▼▼▼
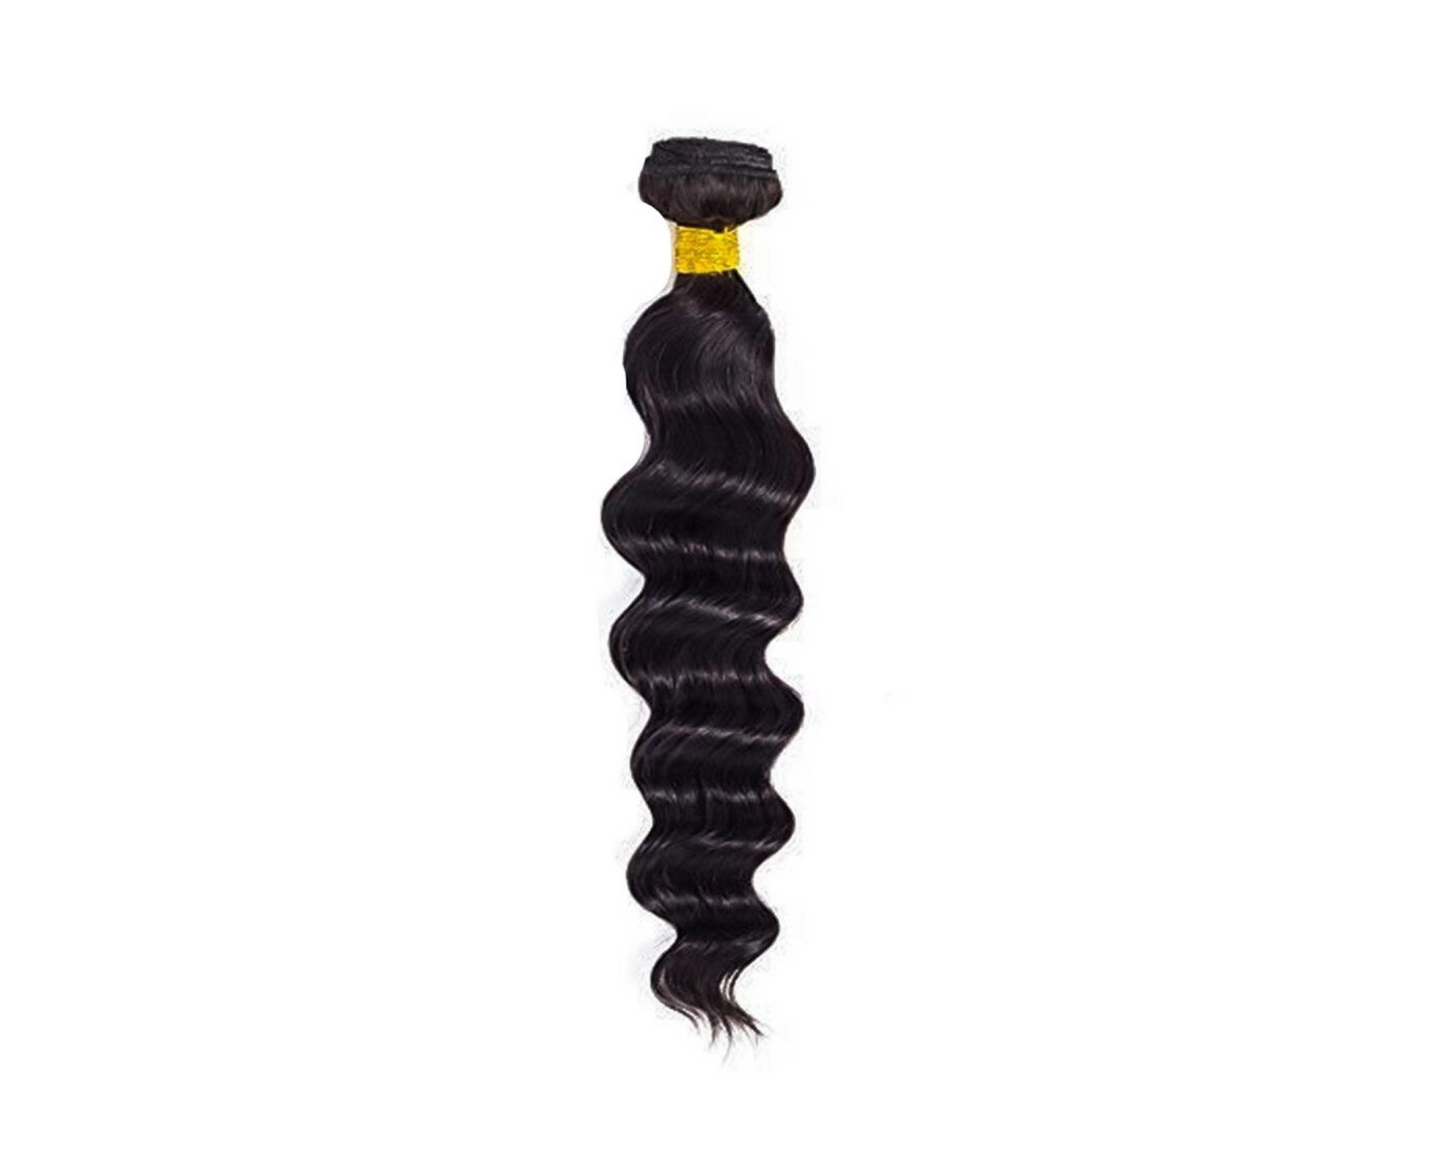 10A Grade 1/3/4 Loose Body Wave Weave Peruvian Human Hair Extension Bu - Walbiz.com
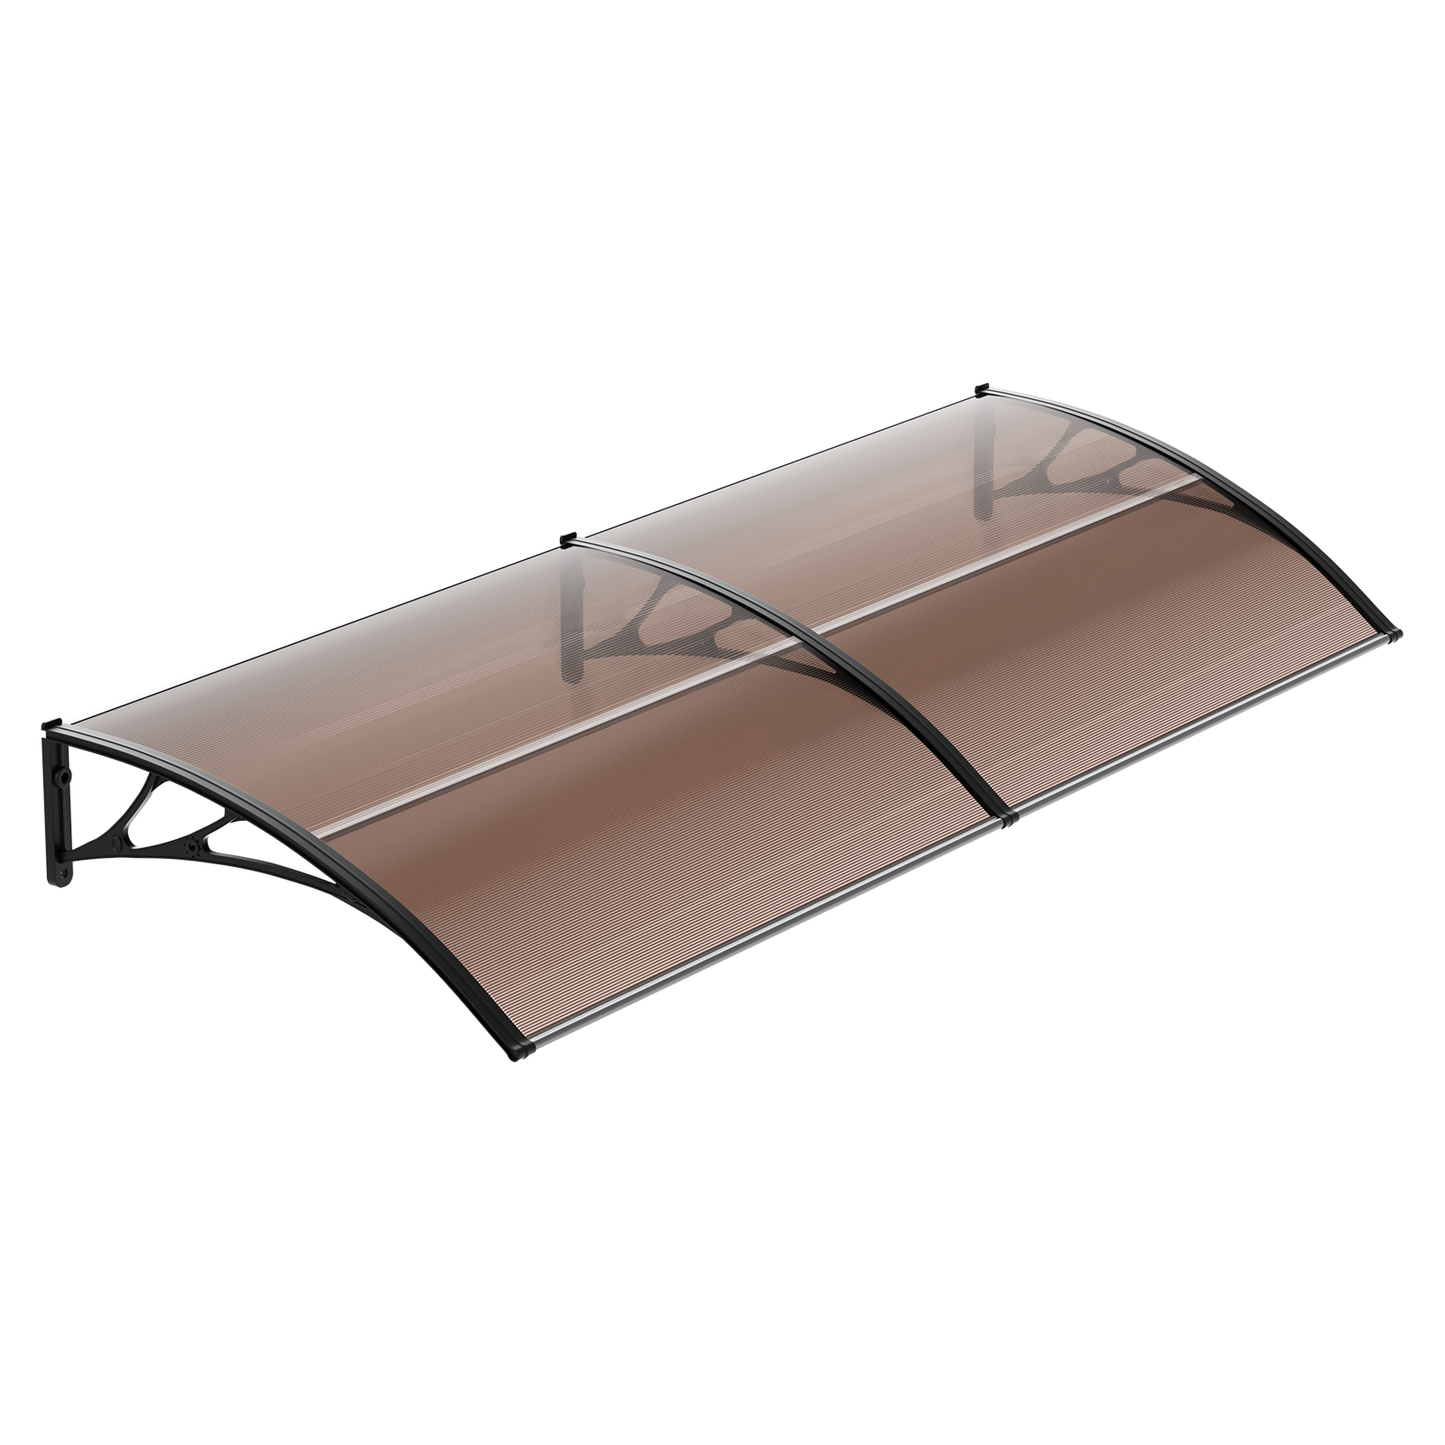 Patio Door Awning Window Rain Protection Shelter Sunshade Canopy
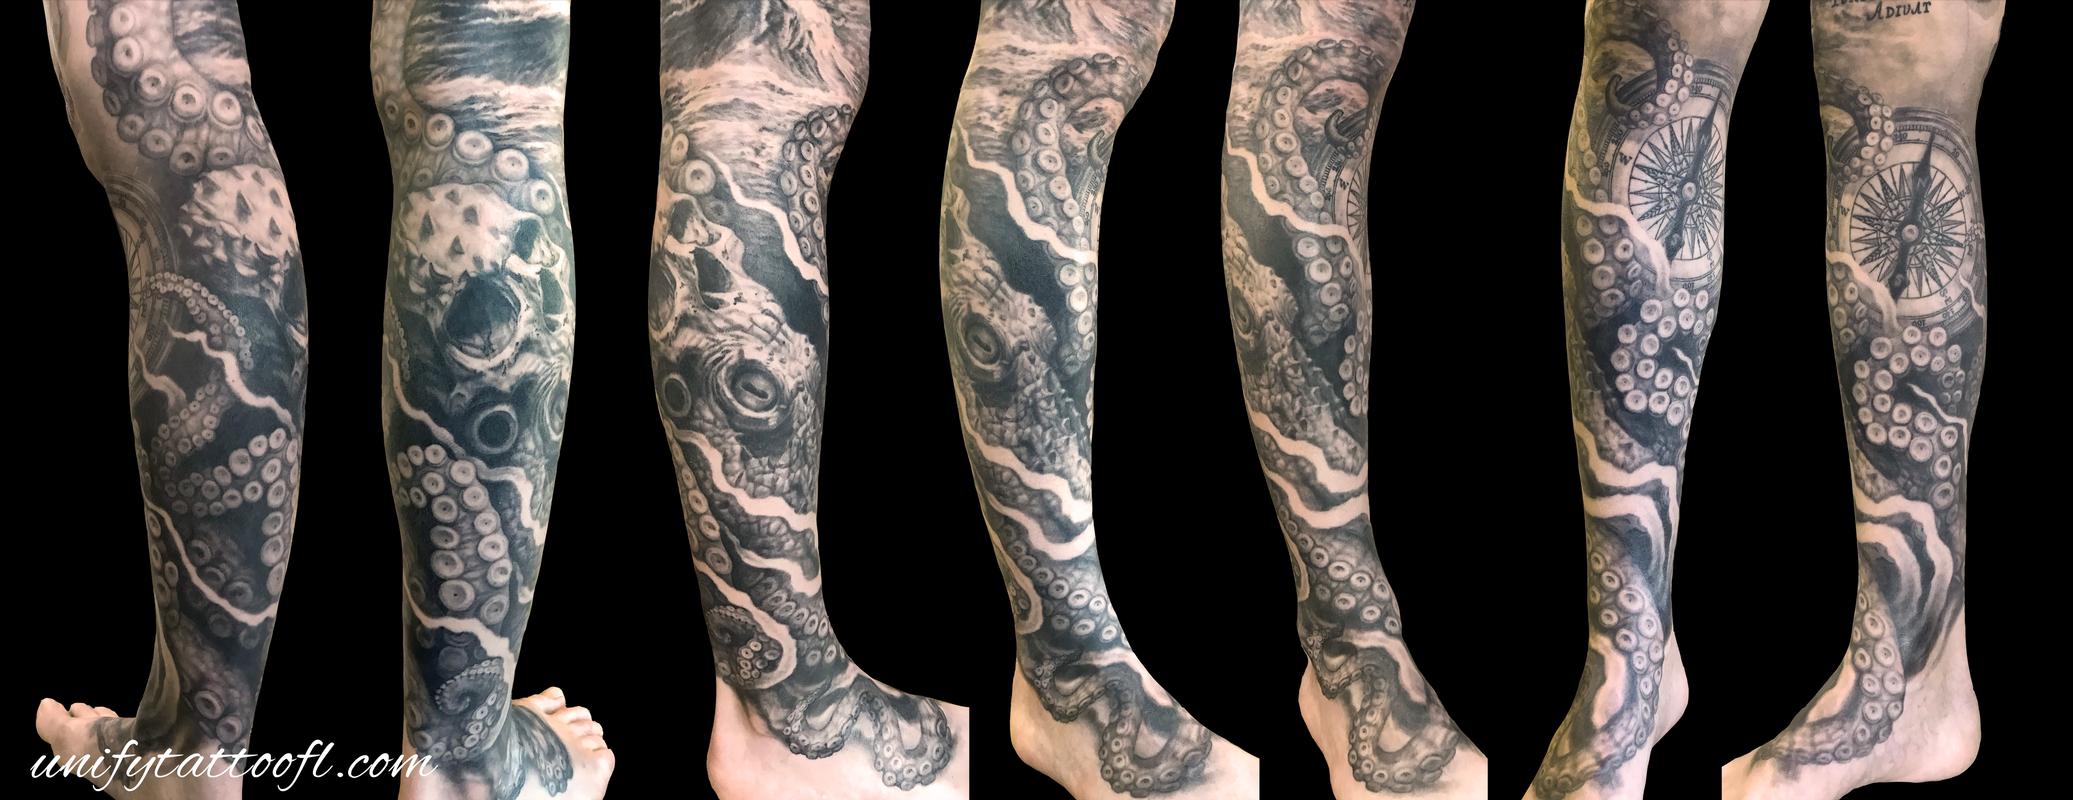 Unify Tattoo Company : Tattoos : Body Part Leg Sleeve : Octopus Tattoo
▲▲▲
Write out the data above in full and exactly, but not the pictures.

* **Response area**
 10A Grade 1/3/4 Loose Body Wave Weave Peruvian Human Hair Extension Bu - Walbiz.com
 Patio Door Awning Window Rain Protection Shelter Sunshade Canopy
 Unify Tattoo Company : Tattoos : Body Part Leg Sleeve : Octopus Tattoo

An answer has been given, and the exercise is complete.